Ich fühlte mich seltsam leicht. Normalerweise trank ich keinen bis wenig Alkohol, deshalb machten fünf Gläser Sekt mich durchaus betrunken. Ich hatte mir aber Mut antrinken müssen oder ich hätte Vader nicht in hundert Jahren angesprochen.
Seine massige Gestalt fand mein unscharfer Blick auf einem der Balkone wieder und ich folgte ihm. Hier draußen war es kühl und das Gefühl, zu schweben, ließ etwas nach. Ich betrachtete sie blitzenden Lichter Coruscants und schwieg. Auf einmal erschien mir kein Wort gut genug, um die Unterhaltung zwischen uns wieder in Gang zu bringen.
Lord Vaders Schweigen machte mich unglaublich nervös. Schließlich entschied ich mich für den direkten Angriff und lehnte mich leicht gegen Vaders Gestalt neben mir.
Er schien es nicht zu bemerken. War ja auch kein Wunder bei seiner dicken Rüstung.
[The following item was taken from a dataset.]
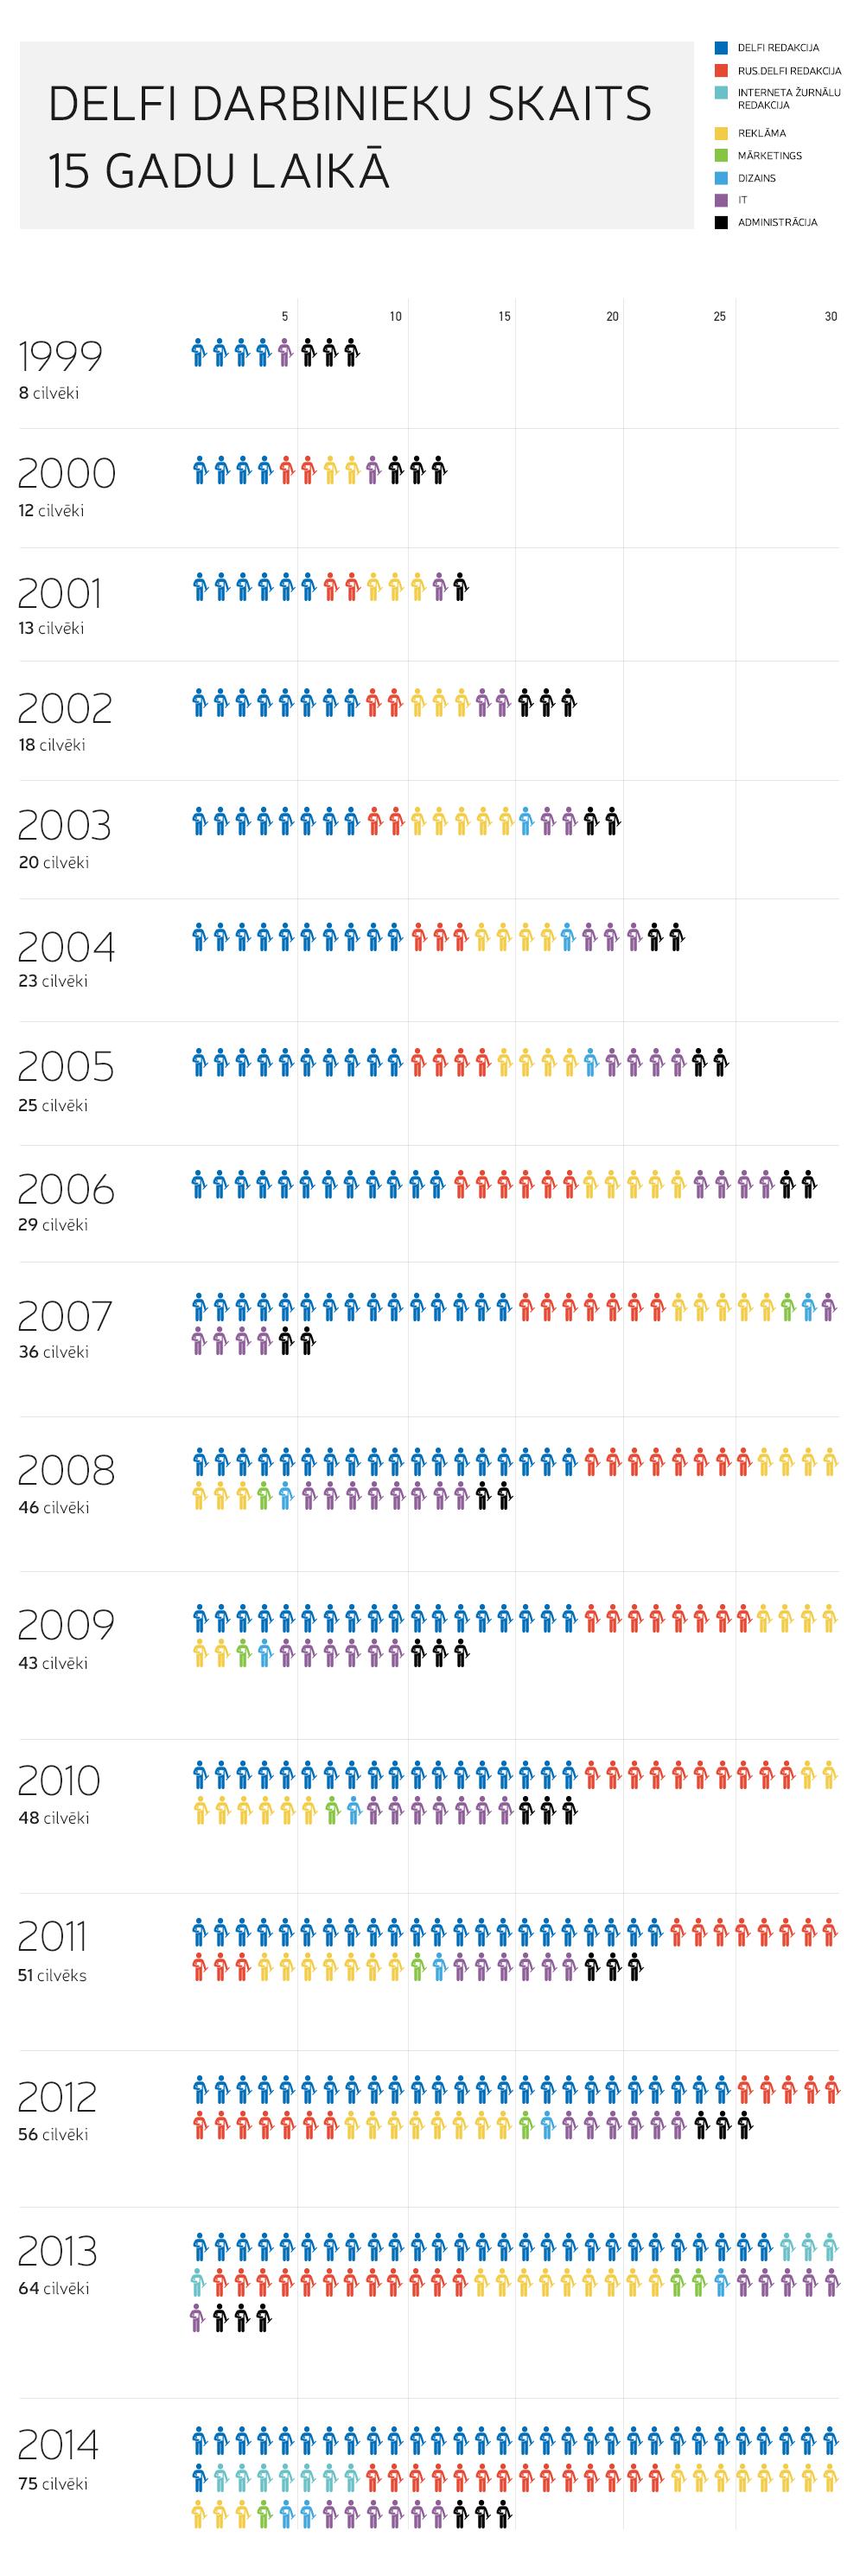 Infografika. Delfi darbinieku skaits 15 gadu laikā.

Also drückte ich mich stärker an ihn.
"Wenn Ihr nicht mehr gerade stehen könnt, habt Ihr bereits zuviel getrunken," war die einzige Reaktion. Ich wurde rot und stellte mich wieder normal hin.
Wieder schwiegen wir.
"Lord Vader, sagt, ist das Leben auf einem Sternenzerstörer nicht furchtbar einsam?"
Er drehte seinen Kopf zu mir und sah auf mich hinunter. "Ich bin es gewöhnt," war seine einzige Antwort.
Dann drehte er seinen Kopf von mir weg. "Ich weiß, was Ihr wollt," sagte er plötzlich.
"Wie bitte?" Ich sah ihn erschrocken an.
"Es ist klar in Euren Gedanken zu erkennen. Wenn Ihr fliehen wollt, wird Euch Verführung nichts helfen."
Ich war geschockt. "Aber...ich..."
Ich wußte selber nicht, was ich sagen sollte.
Er drehte sich voll zu mir um und sah mich an. Ich wußte nicht, was jetzt passieren würde. Ich bekam auf einmal Angst, daß er mir das Genick brechen würde.
"Nein," sagte er nur. "Geht in den Garten und Ihr werdet möglicherweise die Antwort auf Eure Frage finden. Alles andere wäre nicht nur gefährlich, sondern auch völlig unmöglich."
"Wegen Eurer Verletzungen?" frage ich ihn vorsichtig.
Für eine Weile erfüllte nur das Geräusch seines Atemgerätes die Luft um uns.
"Meine Verletzungen sind nur ein sehr geringer Grund. Es gibt einen anderen dafür."
Ich wußte instinktiv, daß dieser Grund eine Frau war, aber drang nicht weiter in ihn.
Wer sie wohl war? Niemand hatte je gehört, daß der Dunkle Lord eine Frau oder Geliebte hatte. Ich lächelte leicht in mich hinein. Wie auch immer. Ich fragte mich mehr, was es mit dem Garten auf sich hatte.
Vader brachte mich noch bis zu den Flügeltüren, dann verabschiedete er sich.
Als ich etwas später in mein eigenes Bett fiel, hatte ich das Gefühl, daß mein Plan Erfolg hatte, auch wenn es nicht gelaufen war, wie ich erwartet hatte. Irgendwie erleichtert darüber schlief ich ein.